The Enterprise Kubernetes Security Compliance Platform provides continuous, automated security compliance validation for Kubernetes environments. Built for security teams, compliance officers, and auditors, the platform delivers evidence-based compliance reports that map security checks to multiple industry frameworks simultaneously.
Continuous Compliance Through Automation
- Evidence-Based: Every finding includes concrete evidence (resource configurations, API queries, scan results)

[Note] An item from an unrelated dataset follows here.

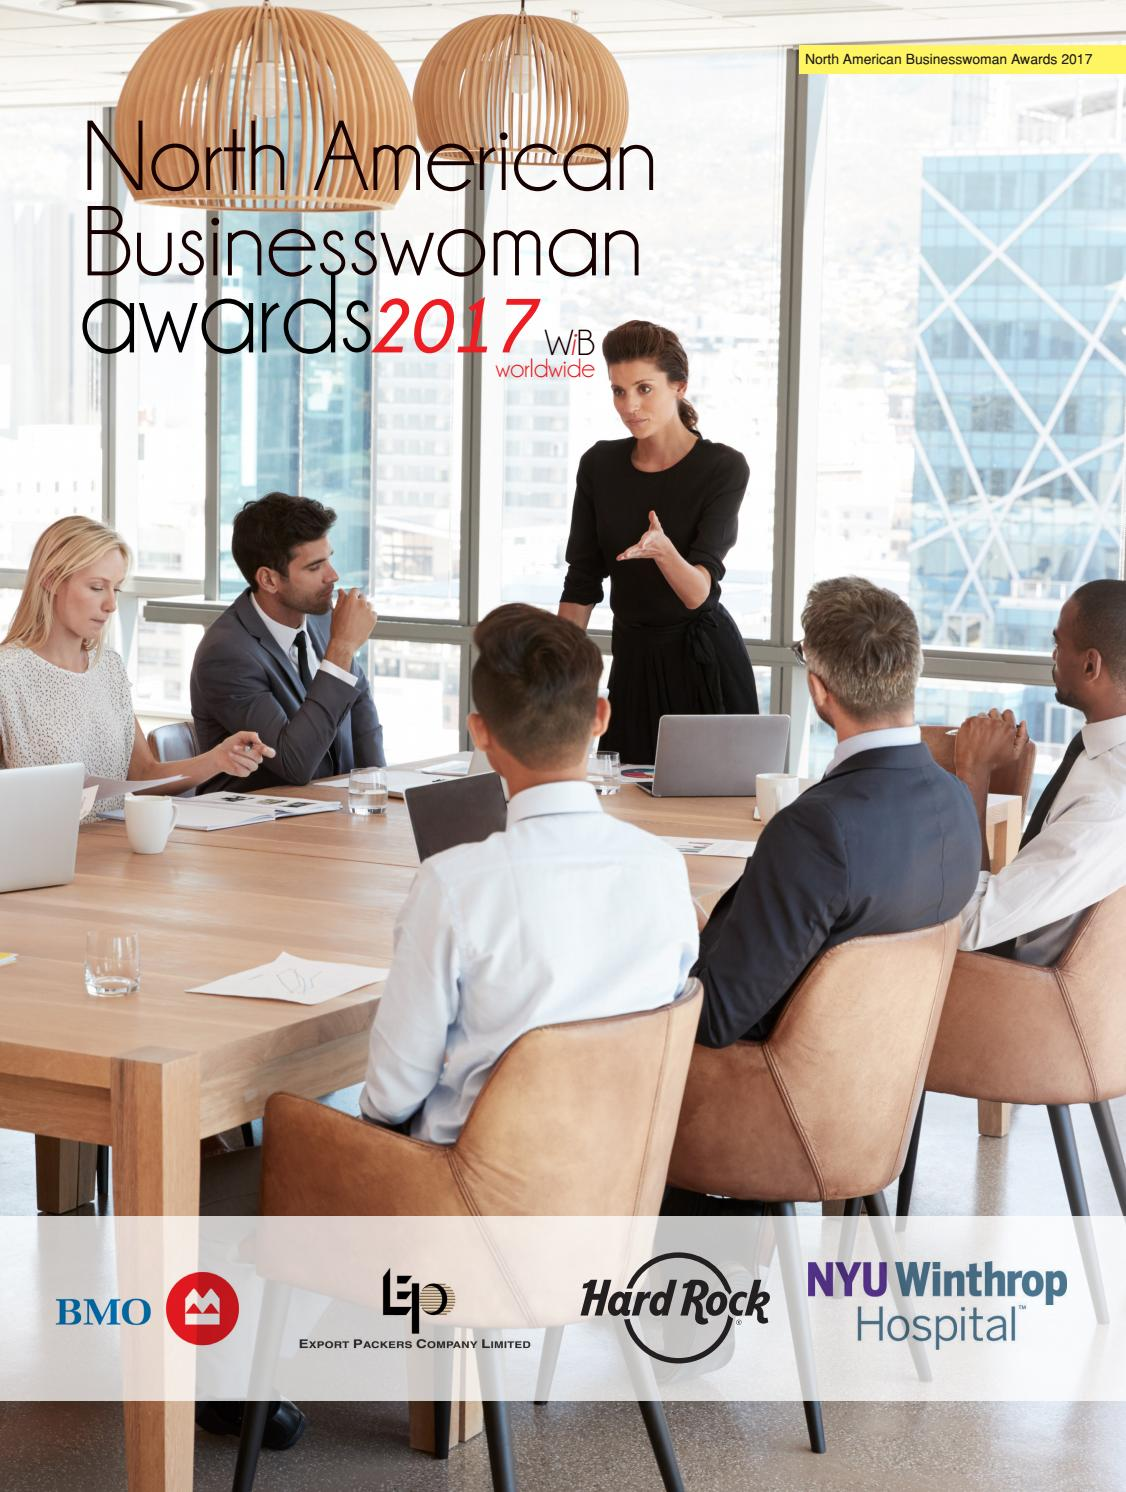 WIB North American Businesswoman Awards 2017 by AI Global Media - issuu

- Multi-Framework Mapping: Execute checks once, map results to CIS, NIST, ISO 27001, SOC 2, and custom frameworks
- Risk-Prioritized: Findings are scored by severity and risk, enabling efficient remediation
- Auditor-Ready: Reports include detailed evidence trails and remediation guidance suitable for compliance audits
- Extensible: Add custom frameworks and checks without code changes via YAML configuration
| Framework | Version | Coverage | Use Case |
|---|---|---|---|
| CIS Kubernetes Benchmark | v1.8 | 50+ controls | Security hardening baseline |
| NIST SP 800-53 | Rev 5 | Access Control, System Protection | Federal and government compliance |
| ISO/IEC 27001 | 2022 | Access Control, Operations Security | International security management |
| SOC 2 | Type II | Logical Access, System Operations | Service organization controls |
CIS Kubernetes Benchmark v1.8
- Control Plane Security (API Server, etcd, Controller Manager)
- Node Security Configuration
- RBAC and Service Account Security
- Pod Security Standards and Policies
- Network Policies and Namespace Isolation
- Encryption at Rest and in Transit
NIST SP 800-53 Rev 5
- Access Control (AC-3, AC-6, AC-7)
- System and Communications Protection (SC-7, SC-8, SC-12)
- Configuration Management (CM-2, CM-6, CM-7)
- Audit and Accountability (AU-2, AU-3)
ISO/IEC 27001:2022
- Access Control (A.9.2, A.9.4)
- Operations Security (A.12.2, A.12.4)
- Communications Security (A.13.1, A.13.2)
- System Acquisition, Development, and Maintenance (A.14.2)
SOC 2 Trust Services Criteria
- CC6.1: Logical and Physical Access Controls
- CC6.2: Logical Access Security
- CC7.1: System Operations
- CC7.2: System Monitoring
The CSV format provides a comprehensive, tabular view ideal for audit analysis:
Main Section: One row per security check with:
- Check ID, name, category, status, severity
- Risk score and framework control mappings
- Evidence details (type, source, description)
- Findings (ID, title, resource, severity)
- Remediation steps, commands, and priority
Framework Summary Section: Per-framework compliance metrics:
- Total controls, compliant/non-compliant/partial counts
- Compliance score (0-100) and letter grade
- Compliance status (COMPLIANT/NON-COMPLIANT)
Audit Workflow:
- Import CSV into spreadsheet or audit tool
- Filter by framework (NIST, ISO 27001, SOC 2)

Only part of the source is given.